Those who ignore history are destined to repeat it. Actually, the quotation by George Santayana reads, “Those who cannot remember the past are condemned to repeat it.” You get the idea. Arrogance, misuse of power, and an acceptance of all things hedonistic have caused one world-changing nation after another to sink from glory to mediocrity. Is it America’s turn? If you’ll take the time to study our history through the cinema, you’ll discover that the makers of movies have laid out a map of secular America’s destiny and it doesn’t bode well for its citizens.
Studios were once regulated by a Motion Picture Code established in the 1930s to protect the values and moral concepts society considered the standard to live by. Violent acts had to be filmed in a way that would not jolt the viewer. Actors could not utter “God” or “Jesus” in a profane manner (can you imagine that?). And nudity and perversity could not be shown. A lot has changed since the demise of the Code in the late 1960s. And if we’ll be honest with ourselves, we’ll admit that not all change is progress.
Throughout the decades since the demise of the Code, films have signaled the slide from reverence for biblical principles and an embrace of concepts that too often debase the culture. Examples.
Crime
Then: The Asphalt Jungle (1950). This heist caper gone wrong is as much a character study as a suspense adventure. Intense, with realistic situations and dialogue, yet it contains absolutely no obscenity and the criminals pay a price.
Now: American Hustle. The acting is so good in this tale of a con artist drafted into a sting operation by the FBI that many tended to overlook its crude and deleterious abuses. Seventy uses of the f-word alone pepper the players’ speech patterns, along with ten profane uses of God’s name. I could find no moral compass worth the cacophony of verbal and visual abuses I had just sat through. Name me a crime film from this decade that doesn’t contain the same abusive content.
Family Life
Then: Father of the Bride (1950). Spencer Tracy starred in this sensitive, often hilarious look at a father dealing with his daughter’s upcoming nuptials. The comedy stemmed from human behavior, not the more common bathroom humor of today.
Now: August Osage County and Nebraska, were both recent Oscar contenders, and both concerned the kind of dysfunctional families one might find inhabiting a Tennessee Williams play, only amped up with enough invective exclamation to cause a sailor’s ears to bleed.
Both of these films revolved around Midwestern families, yet featured the residents of the “flyover” states as completely devoid of any spiritual awareness. Sure, we can learn from the mistakes and foibles of those in movies who don’t seek to develop the spiritual side of their nature, but whatever the positive message that may be found in these comedy/dramas, it’s been eclipsed by noxious excesses. And if a filmmaker wants to catch the true flavor of the Midwest, doesn’t leaving out an example of a committed churchgoer seem a bit myopic? Again, there seems to be no moral compass for any character in these two films.
Violence
Like sexuality, violence has always been a cinematic component. Bonnie & Clyde (1967), though stylish, was a trend-setting gangster melodrama containing two things that are now synonymous with hoodlum biopics: it portrayed a sympathetic side to outlaws who in reality were cruel and deviant. And it was grisly in its depictions of slow-mo killings. When it was released, the graphic orchestrations of its bloody violence were considered controversial and received a great deal of negative response from critics and audiences. The volume and gore were unprecedented. Now deafening sound effects and carnage are commonplace in action films.

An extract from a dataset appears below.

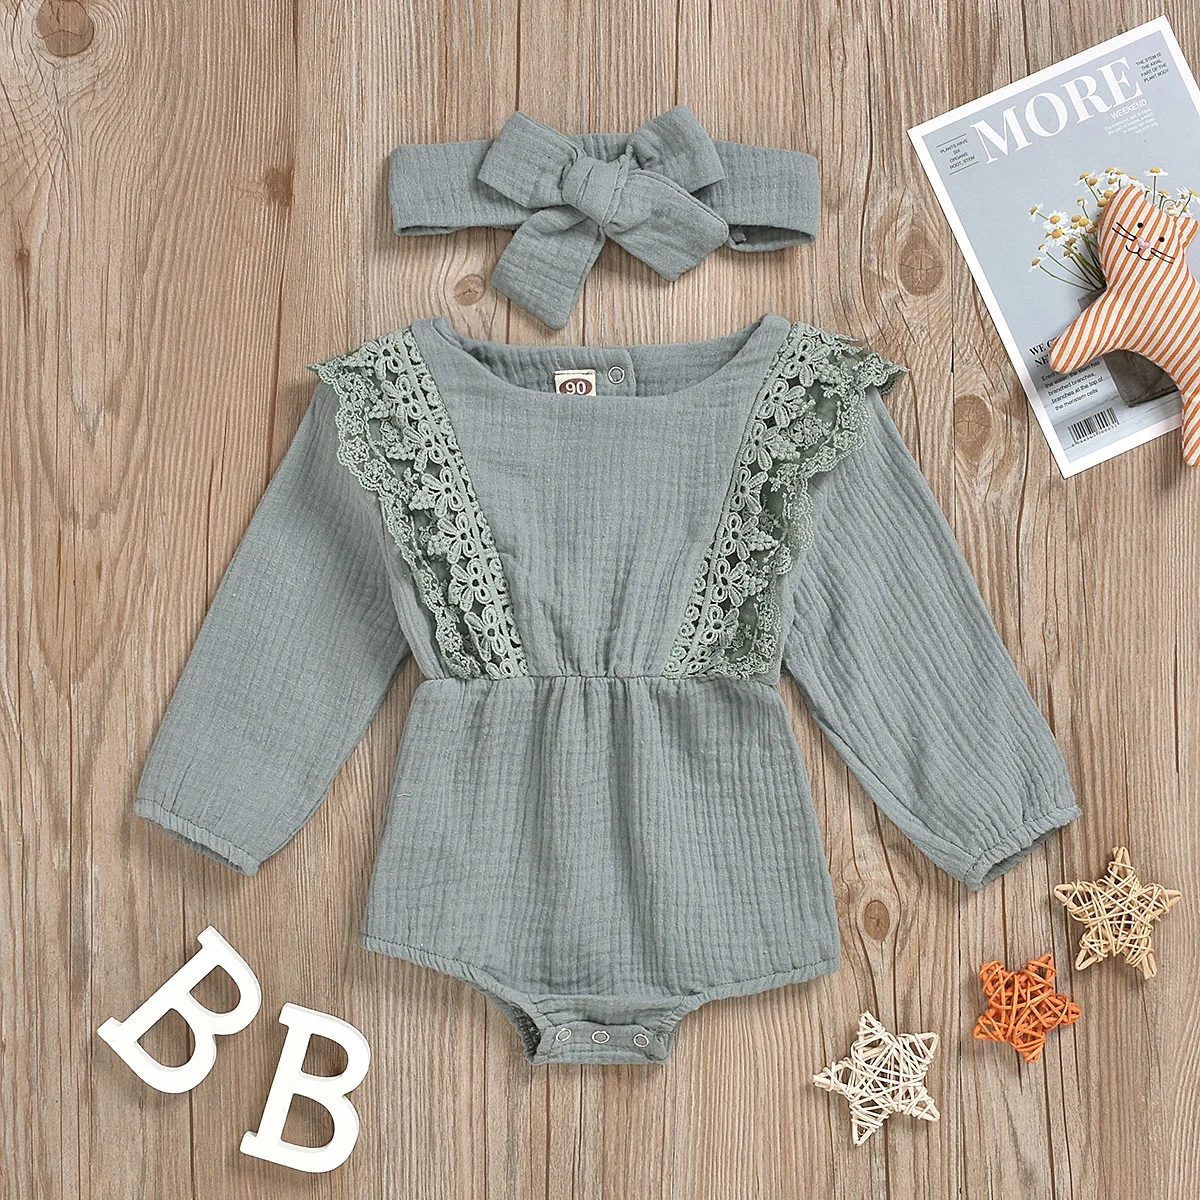 Spring Autumn Infant Baby Girls Romper + Headband Cotton Linen Long Sleeve Lace Infant Playsuit Jumpsuit Newborn Clothes Cotton baby suit

So, am I saying that movies were better before the loss of the Code? Many were. But my analysis is not meant as a critical evaluation of today’s films so much as an examination of what our society now accepts as, well, acceptable.

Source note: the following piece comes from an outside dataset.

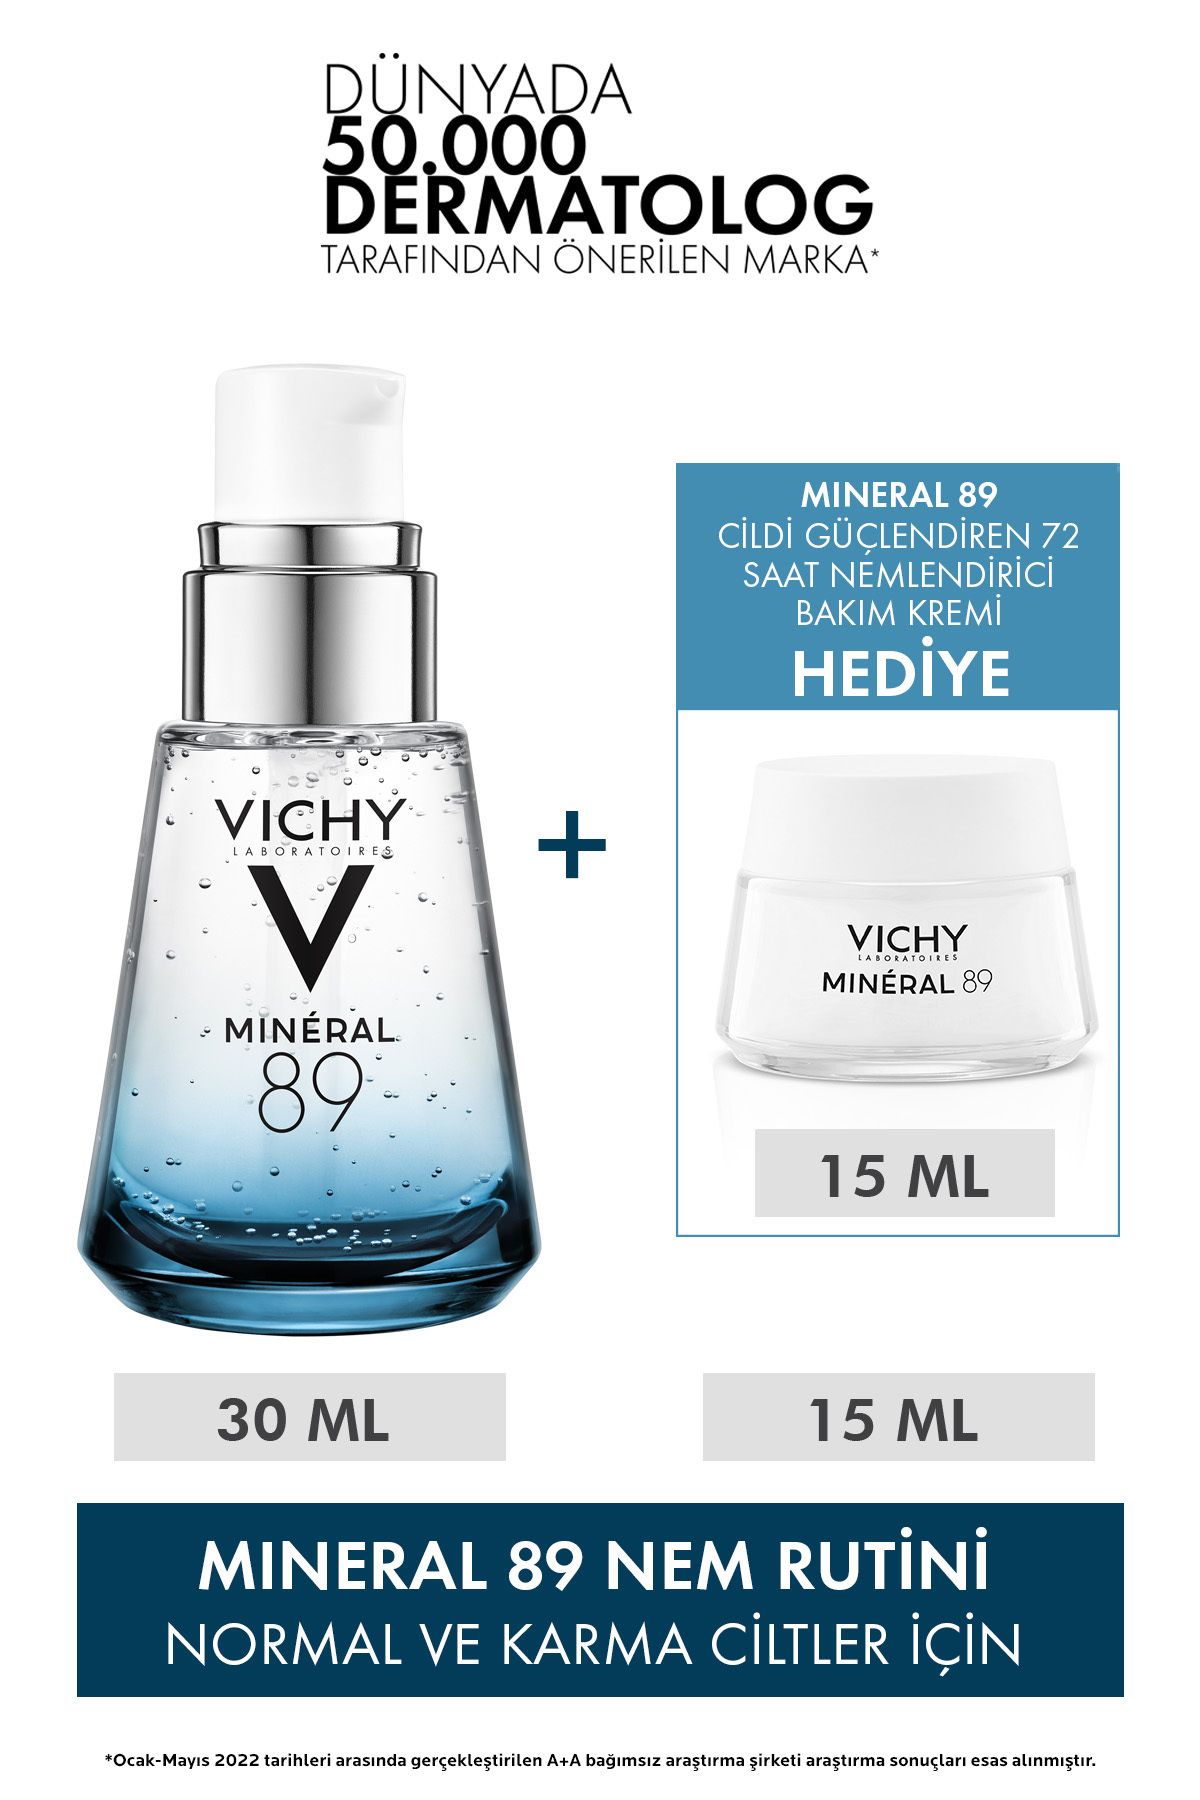 Vichy Mineral 89 Nem Rutini (Normal/Karma Ciltler)

Hollywood will always gear its products toward our baser instincts. But there is a price to pay for a constant satisfying of hedonistic desires.
Each decade newcomers to the entertainment community push the envelope when it comes to decency, responsibility and a redefining of moral standards. Moviemakers keep dumbing down and crudding up the culture, taking baby steps with each production that further us from class or social decorum. True, they are attempting to influence the culture, but they are also reflecting what we now freely embrace.

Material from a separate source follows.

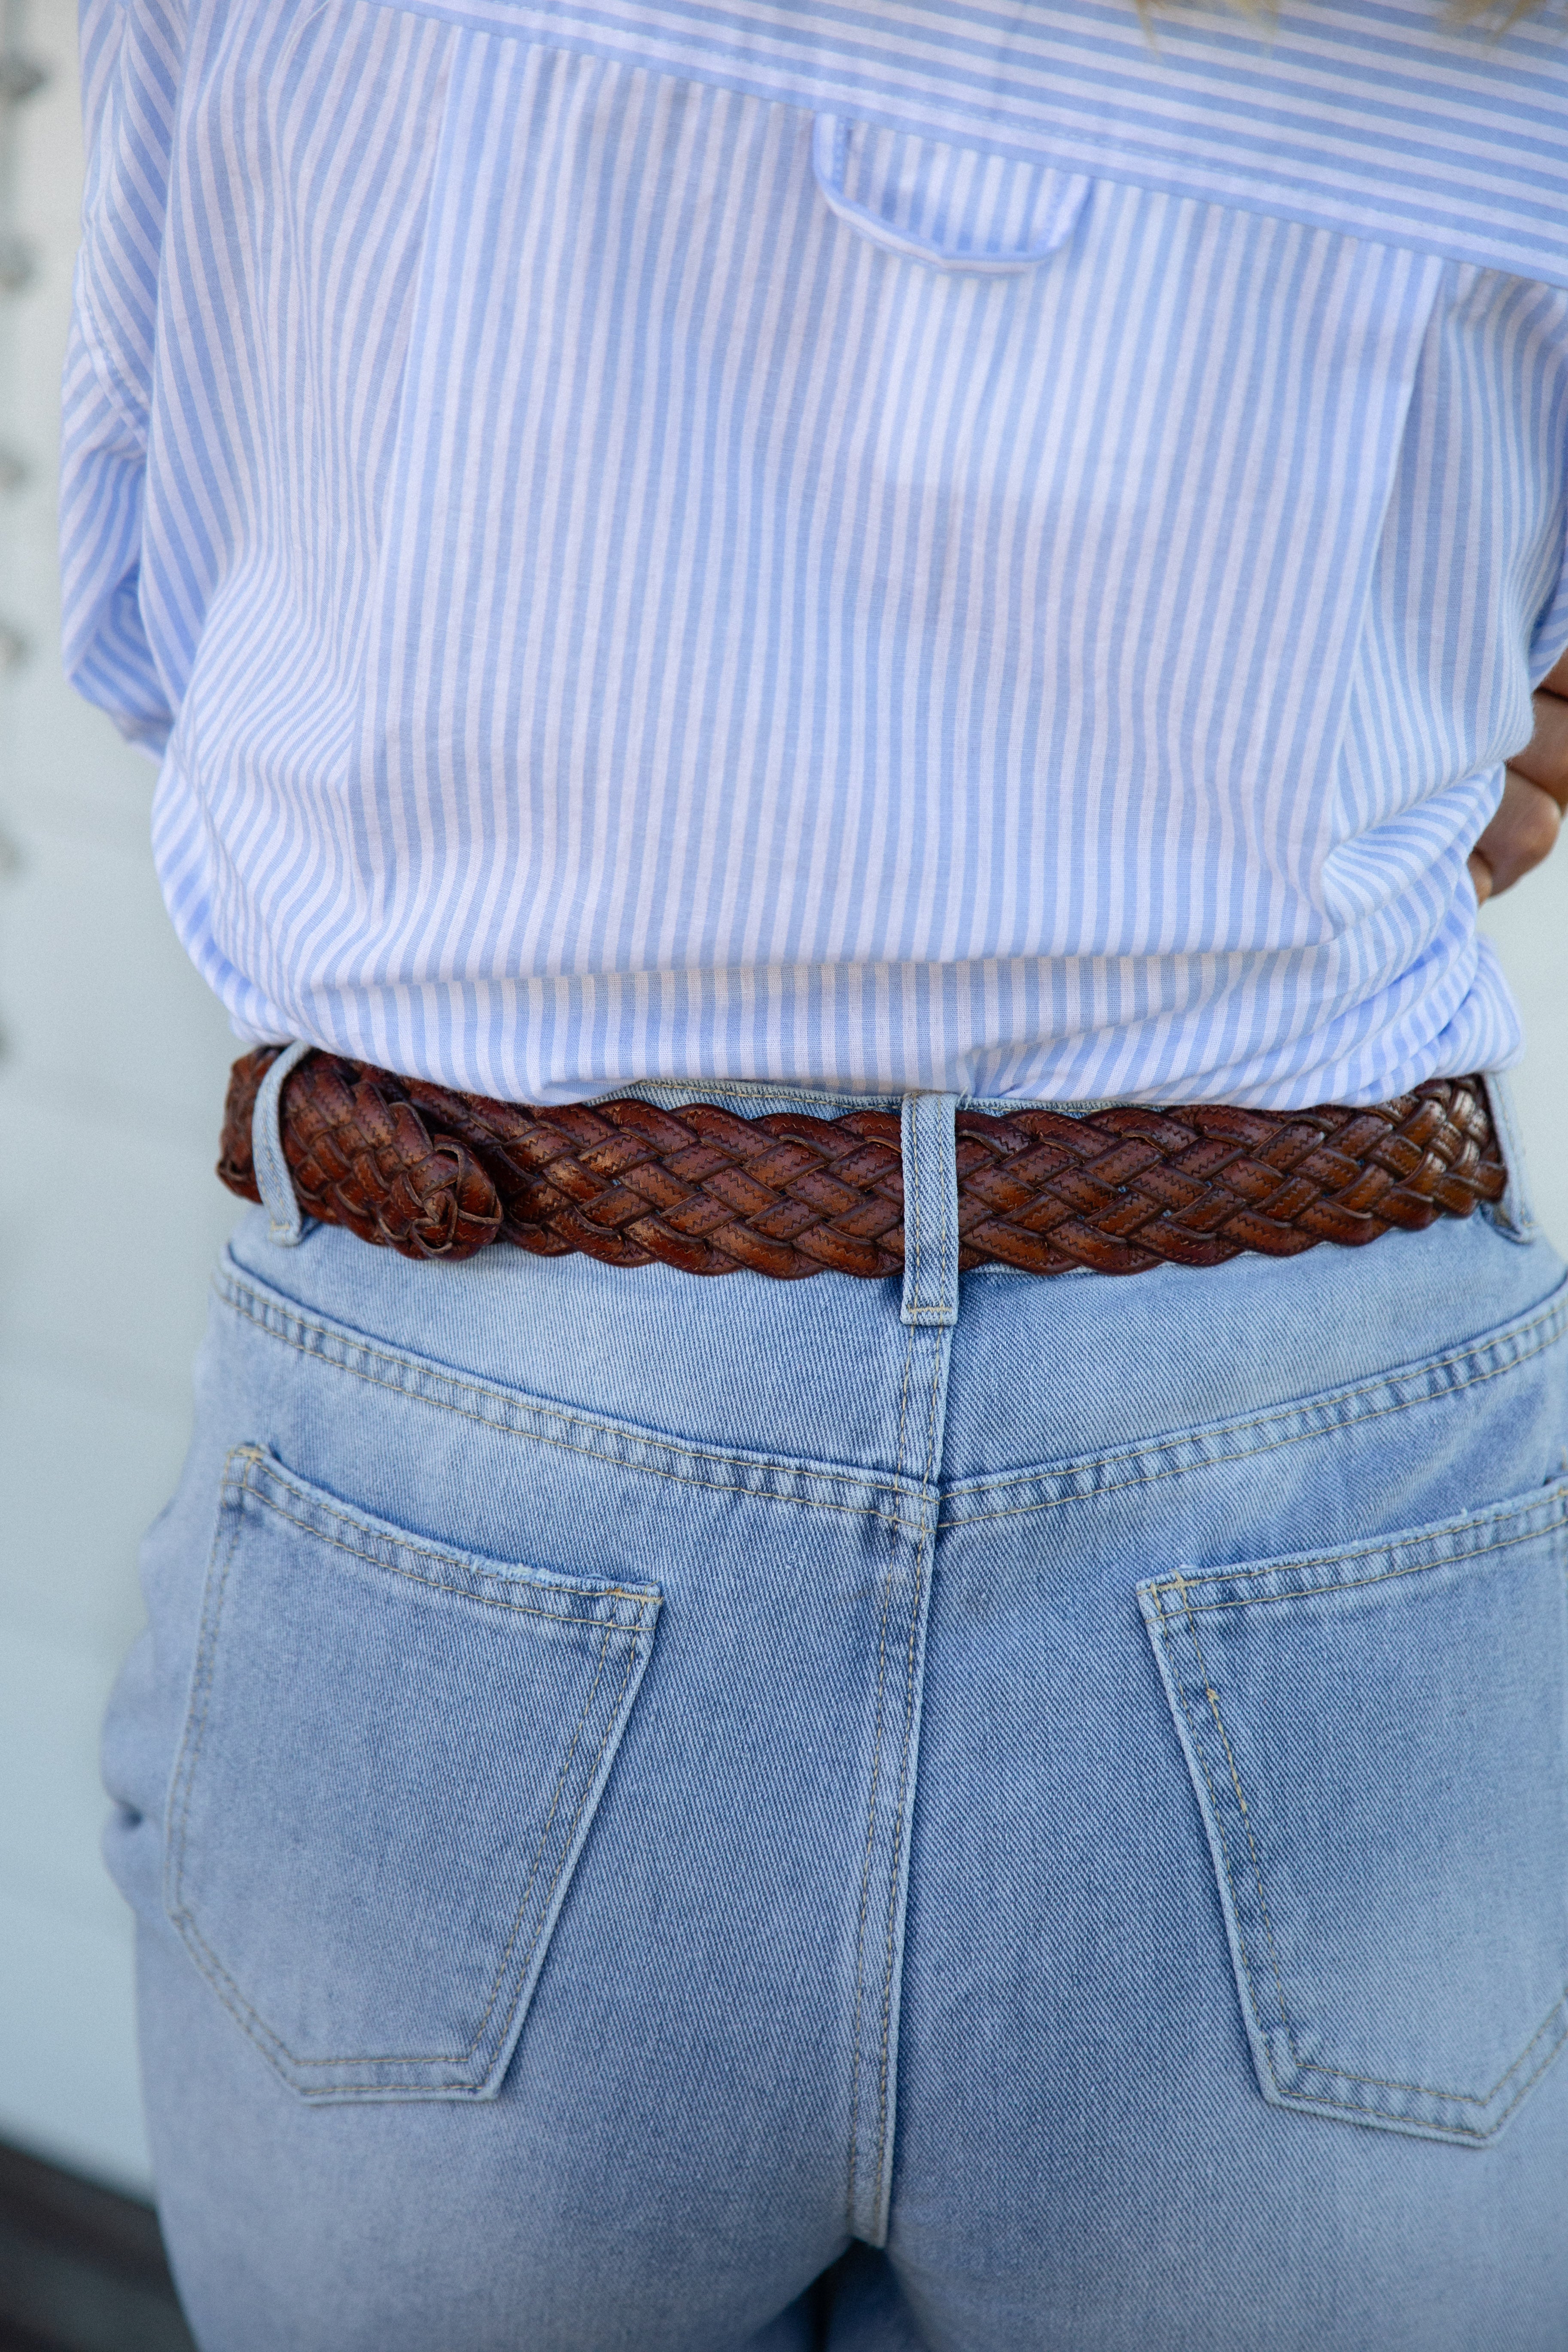 Vintage Woven Belt - Antique Brown

The Motion Picture Code is long gone. Now class is as dead as Cary Grant. And morality in movies is on the critical list.
So what makes a country strong?
“Ask not what your country can do for you. Ask what you can do for your country,” John F. Kennedy.
“Your head is like a gas tank. You have to be really careful about what you put in it, because it might just affect the whole system” (from the film I’ve Heard the Mermaid Singing).
“If my people who are called by my name humble themselves, and pray and seek my face and turn from their wicked ways, then I will hear from heaven and will forgive their sin and heal their land,” 2 Chronicles 7:14.
Those are guidelines seldom uplifted in today’s culture. New movie releases remind us of that fact every Friday.